ROG Phone 6 Pro im Test: Viel Power und mehr als ein Display

Asus mischt mit seiner ROG-Reihe schon seit einigen Jahren im Gaming-Markt mit. Teil des Angebots sind auch Smartphones, die sich direkt an Mobile Gamer richten und die leistungsmäßig stets die Rangliste bei den Android-Smartphones anführen. Mit dem ROG Phone 6 Pro hat der taiwanische Hersteller jetzt ein neues Modell präsentiert. Wie bei den bisherigen Geräten der Reihe ist das Smartphone vom Design her für Gaming-Verhältnisse eher dezent und bietet Hardware auf Oberklasseniveau. Im Test überzeugt das ROG Phone 6 Pro durch Leistung, aber auch durch die Verarbeitung.
Asus verwendet einen Snapdragon 8+ Gen1 mit einer maximalen Taktrate von 3,2 GHz - das Smartphone ist damit eines der ersten Modelle mit Qualcomms aktuellem SoC. Mit 18 GByte Arbeitsspeicher und 512 GByte Flash-Speicher läuft unser Testgerät sehr flüssig in der Bedienung. Der Unterschied zwischen dem uns vorliegenden Pro-Modell und dem ROG Phone 6 liegt in der Speicherausstattung und der Rückseite.
Kleines Zusatzdisplay auf der Rückseite
Das Pro-Modell hat auf der Rückseite ein kleines OLED-Zusatzdisplay, auf dem wir je nach Anwendungsszenario kleine Animationen anzeigen lassen können - das normale ROG Phone 6 hat nur eine RGB-Beleuchtung. Die Animationen werden unter anderem beim Ladevorgang, beim Start eines Spiels oder bei Anrufen angezeigt. Auch eigene Bilder können wir anzeigen lassen. Neben ankommenden Anrufen können wir uns auch Systembenachrichtigungen anzeigen lassen, was sehr praktisch ist.








Das AMOLED-Display auf der Vorderseite ist 6,78 Zoll groß, hat eine Auflösung von 2.448 x 1.080 Pixeln und unterstützt eine maximale Bildrate von 165 Hz. Mit 800 cd/m² ist der Bildschirm auch im Freien sehr hell; im HDR-Modus werden bis zu 1.200 cd/m² erreicht. Die Farben sind kräftig, die Blickwinkelstabilität ist sehr gut.
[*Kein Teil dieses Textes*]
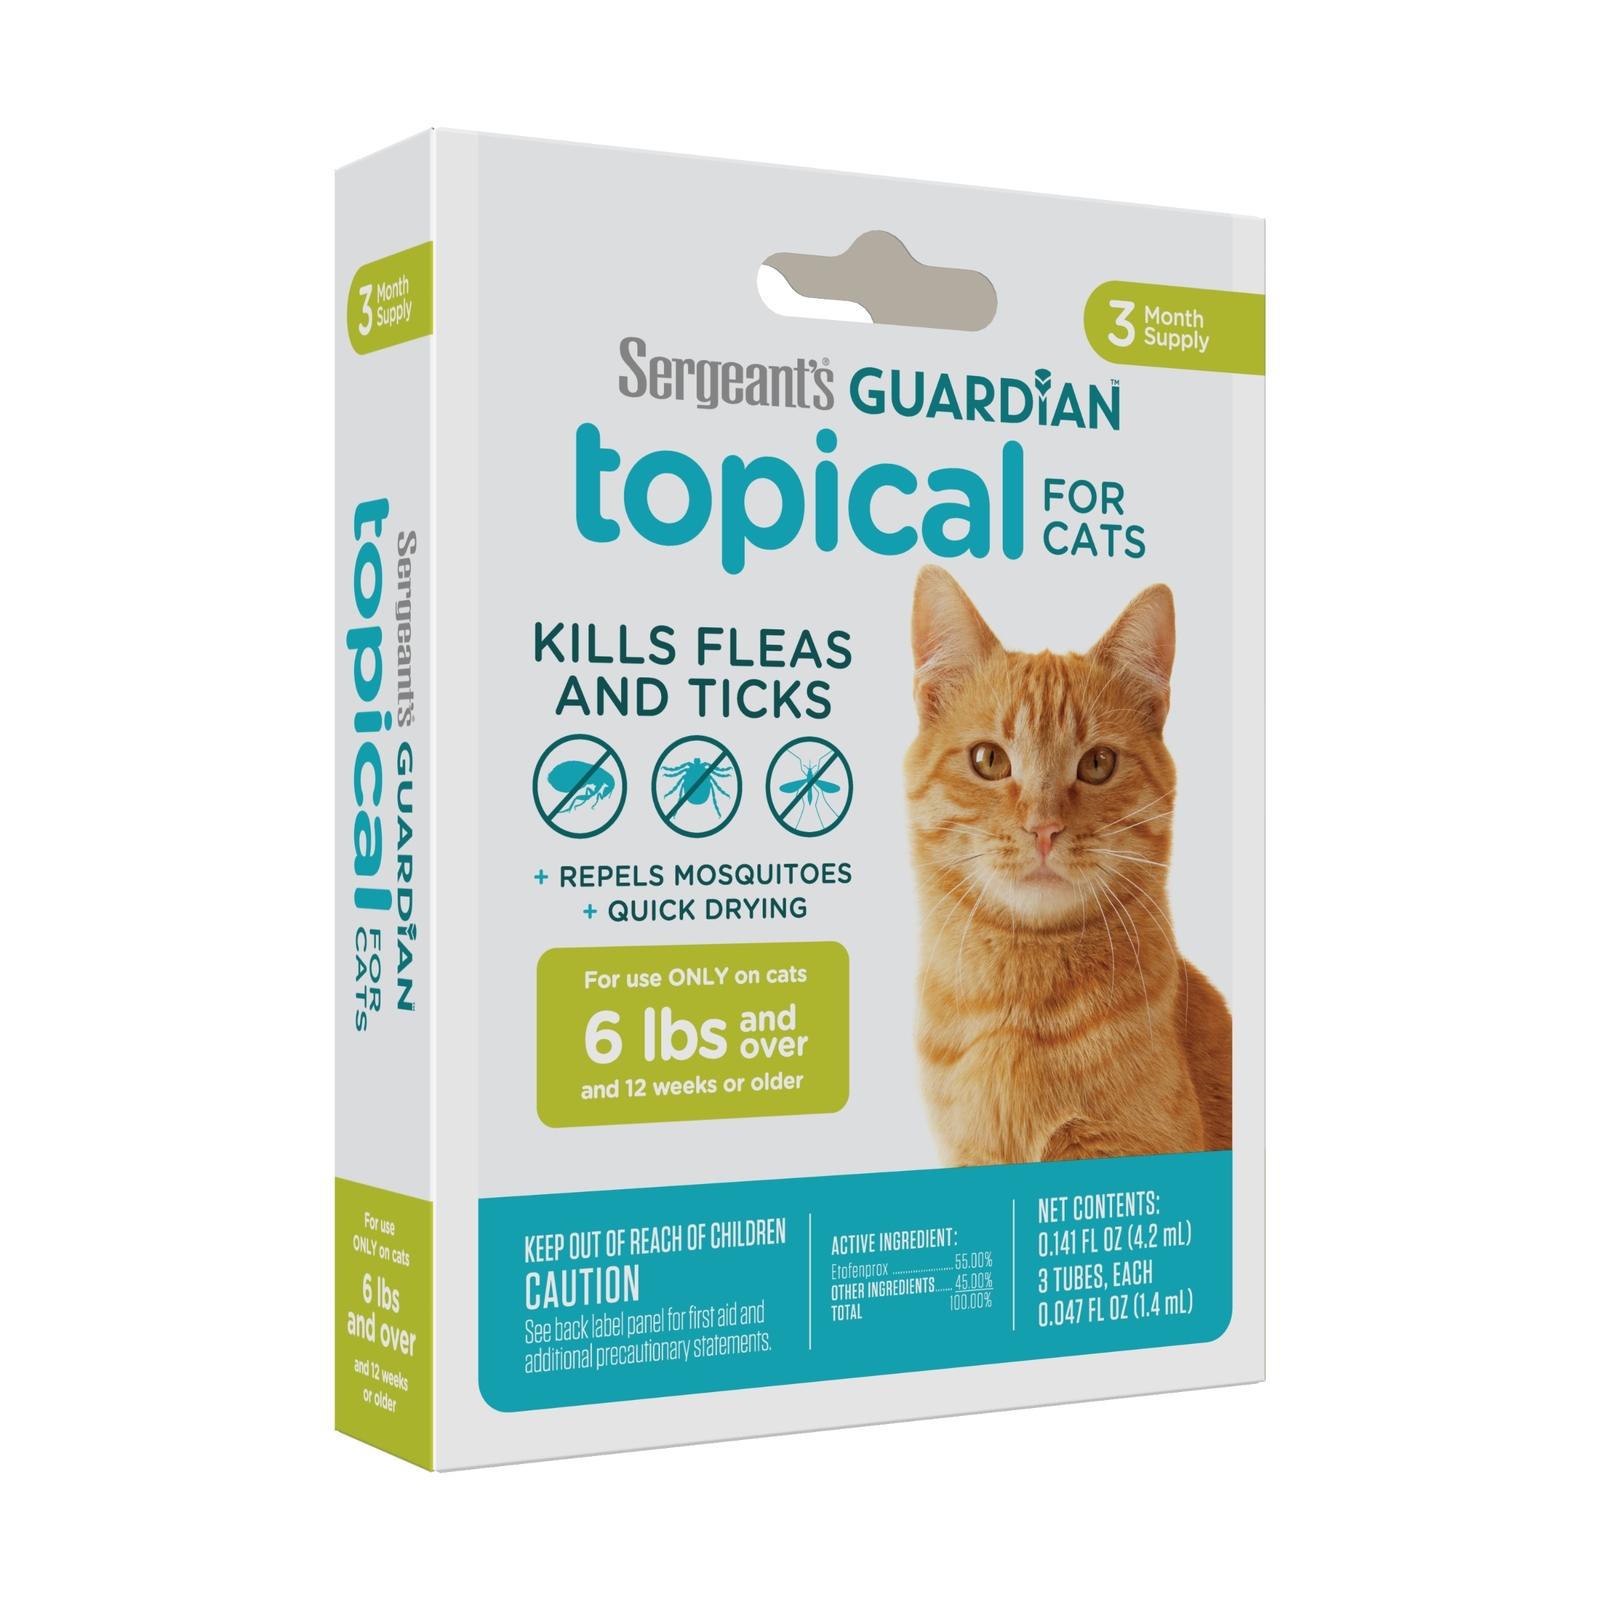 Sergeant's Guardian's Flea & Tick Topical for Cat's, 6lbs and Over, 3 Count

Nicht nur beim Spielen macht das Display einen guten Eindruck, auch fürs Videoschauen eignet sich das Panel sehr gut. Der eingebaute Fingerabdrucksensor reagiert wesentlich flinker und zuverlässiger als der beim Vorgängermodell - insgesamt überzeugt uns der Bildschirm der ROG Phone 6 Pro sehr.
Von der Leistung her schlägt das ROG Phone 6 Pro auf dem Papier die meisten anderen aktuellen Top-Smartphones im Android-Bereich: Im Single-Test des Geekbench 5 kommt das ROG Phone 6 Pro auf 1.314 Punkte - das sind rund 80 Zähler mehr als Smartphones mit dem Snapdragon 8 Gen1. Im Wild Life Unlimited des 3DMark-Tests kommt das Smartphone auf 2.754 Punkte - 250 Zähler mehr als ein Smartphone mit Snapdragon 8 Gen1. Im Test 1440p Aztech Ruins Vulcan (High Tier) kommt das neue ROG Phone auf einen Offscreen-Wert von 51 fps. Auch dies ist mehr als bei einem Smartphone mit Snapdragon 8 Gen1.
Wie so häufig fragen wir uns allerdings, inwieweit Nutzer diese Leistungssteigerungen im Alltag wirklich bemerken werden. Das ROG Phone 6 Pro dürfte mit seiner Prozessorausstattung jedenfalls genügend Leistung für die kommenden Jahren bieten. Mit aktiviertem Hochleistungsmodus werden uns in den Benchmarks übrigens keine besseren Werte angezeigt.
Asus verspricht bessere Kühlung
Beim ROG Phone 6 Pro hat Asus die Prozessorkühlung nochmals verbessert. Der Raum zwischen den Platinen wurde mit einer Leitpaste gefüllt, zudem gibt es zwei vergrößerte Graphitschichten und eine verglichen mit dem ROG Phone 5 um 30 Prozent größere Vapor Chamber. Das SoC ist mittig im Smartphone eingebaut, so dass die Wärmeentwicklung nicht direkt unter den Händen der Nutzer liegt.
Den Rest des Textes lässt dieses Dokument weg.